Текст книги "Собрание сочинений в десяти томах. Том третий. Из моей жизни: Поэзия и правда"


Автор книги: Иоганн Вольфганг фон Гёте



сообщить о нарушении

Текущая страница: 10 (всего у книги 54 страниц)

Мой отец не легко решался на расход ради мгновенного удовольствия – так, например, я не помню, чтобы во время увеселительных поездок мы заходили подкрепиться в какую-нибудь ресторацию, – но не скупился на приобретение вещей ценных и в то же время красивых. Никто не жаждал мира более, чем он, хотя последнее время война нисколько не была ему в тягость. Исходя из этих соображений, он обещал подарить моей матери золотую табакерку, усыпанную бриллиантами, как только будет провозглашен мир. В надежде на счастливое событие разные люди уже не первый год трудились над этим подарком. Сама табакерка, довольно большая по размеру, была изготовлена в Ганау, так как отец состоял в добрых отношениях не только с тамошними шелководами, но и с золотых дел мастерами. Сначала было сделано множество рисунков: на крышке красовалась корзина цветов, а над нею – парящий голубь с оливковой ветвью в клюве. Для бриллиантов, которые предстояло разместить на голубе, на цветах и на замке табакерки, было оставлено необходимое место. Окончательную отделку отец поручил ювелиру Лаутензаку, он же должен был раздобыть и камни. Искусный и расторопный человек, Лаутензак, как, впрочем, и все одаренные художники, работал не столько по заранее намеченному плану, сколько по произволу, то есть над тем, что доставляло ему удовольствие. Бриллианты были уже размещены на черном воске в том самом порядке, в каком должны были быть размещены на крышке, и выглядели очень эффектно, но в нем они засели надолго, казалось, их никто и не собирался оправлять в золото. Поначалу мой отец относился к этому спокойно, однако, когда надежды на мир стали оживляться и вокруг уже пошли разговоры об условиях мирного договора, главным же образом о возведении эрцгерцога Иосифа в сан римского короля, им овладело нетерпение, и мне приходилось раза по два на неделе, а потом и каждый день бегать к медлительному мастеру. Мое упорное приставание и уговоры двигали работу вперед, но уж очень помалу, ибо в силу самого характера заказа ее можно было продолжать, а потом снова откладывать, и мастер находил все новые предлоги для проволочек.

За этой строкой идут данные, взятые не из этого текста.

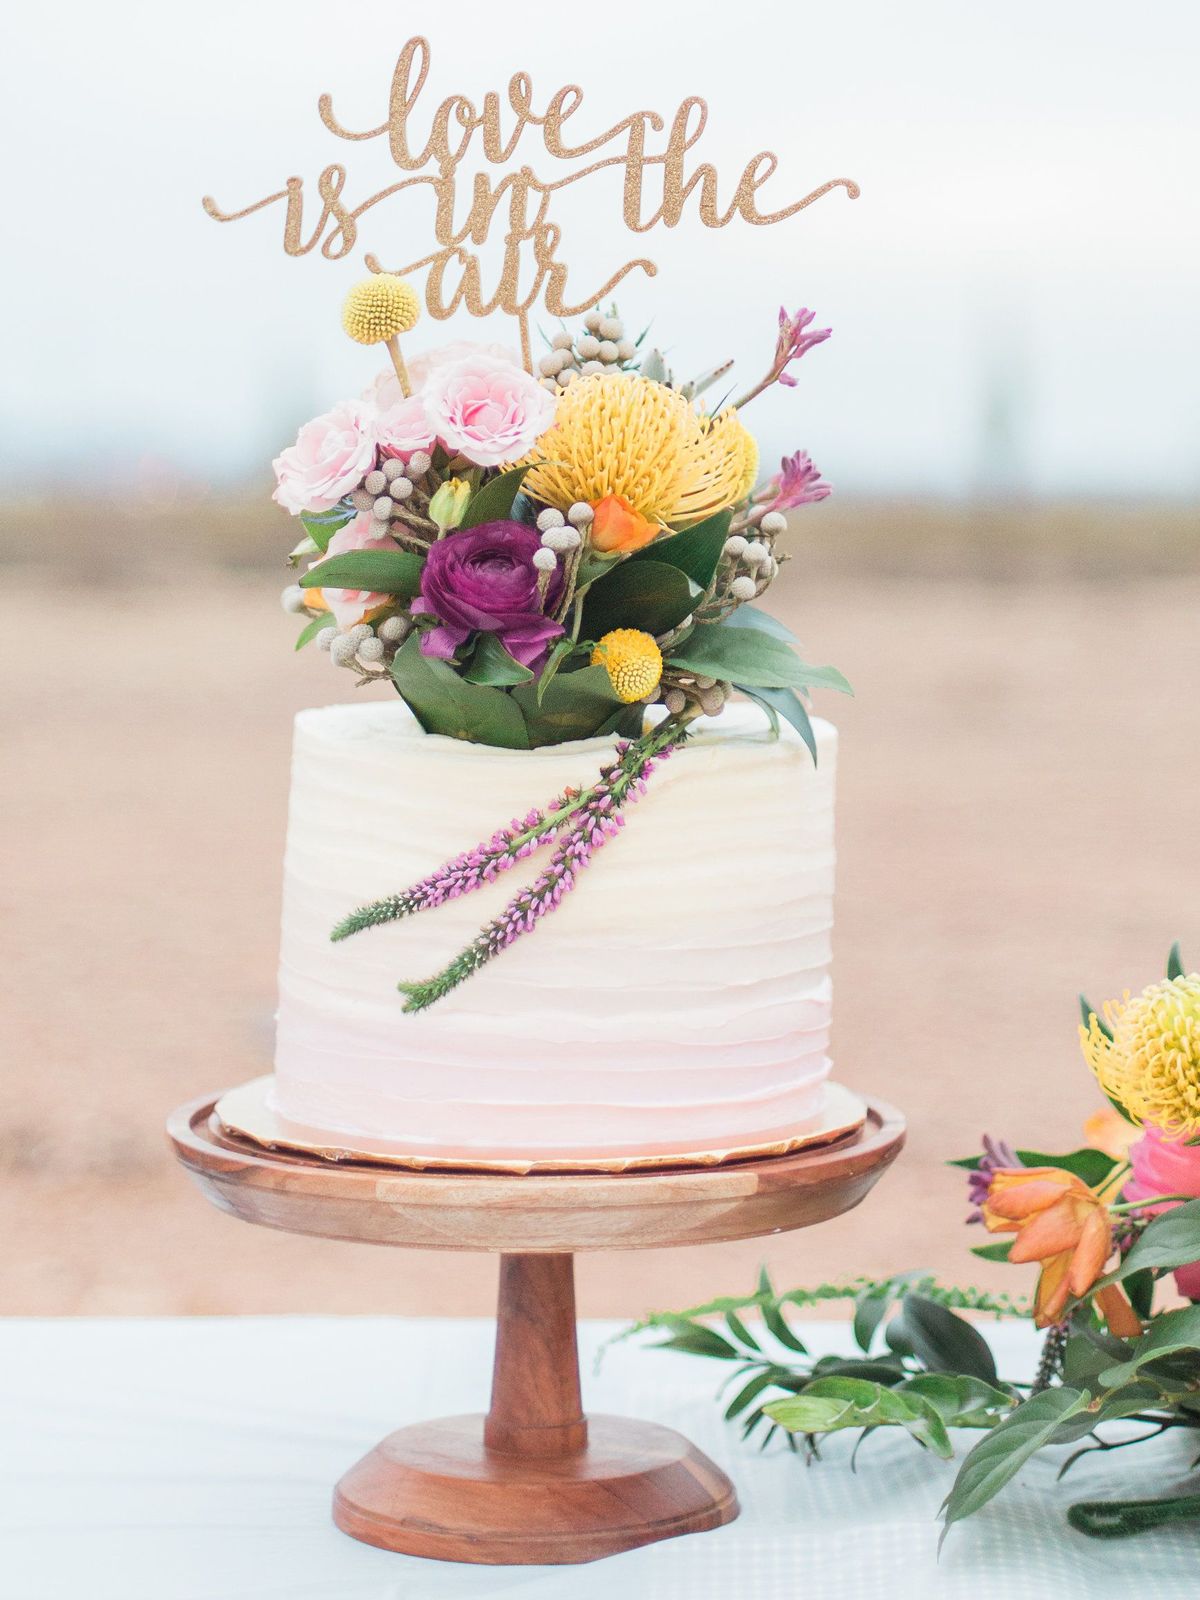 Тенденции свадебного торта 2019 года

Но основной причиной такого поведения Лаутензака была другая работа, предпринятая им на свой страх и риск. Всем было известно, что император Франц страстно любил драгоценные камни, и прежде всего цветные. Лаутензак истратил весьма солидную сумму (как выяснилось впоследствии, превысившую его состояние) на приобретение этих камней и начал составлять из них цветочный букет, стремясь к тому, чтобы выгоднее проявились форма и цвет каждого камня, а все произведение в целом не посрамило бы императорской сокровищницы. Не умея сосредоточиться на чем-нибудь одном, он работал над букетом уже несколько лет, и теперь, когда ввиду скорого заключения мира ожидалось прибытие императора во Франкфурт на коронование сына, заторопился с окончанием отделки и составления своего букета. Он ловко использовал мою любовь к созданиям рук человеческих, чтобы отвлечь меня от моей основной миссии – его поторапливать; старался преподать мне знание драгоценных камней, обращал мое внимание на их свойства и ценность, так что под конец я, можно сказать, наизусть знал этот букет и мог бы не хуже самого Лаутензака с наивыгоднейшей стороны показать его клиенту. Он и сейчас еще стоит у меня перед глазами, и хотя я потом видел ювелирные изделия более ценные, более изящных мне уже встречать не приходилось. К тому же у нашего ювелира было хорошее собрание бронз и других предметов искусства, о которых он любил распространяться, посему я проводил у него время отнюдь не бесполезно. Наконец, когда уже был назначен день созыва конгресса в Губертусбурге, он из симпатии ко мне закончил все, что еще оставалось сделать, и голубь, вьющийся над корзиной цветов, был вручен моей матери в день заключения мира.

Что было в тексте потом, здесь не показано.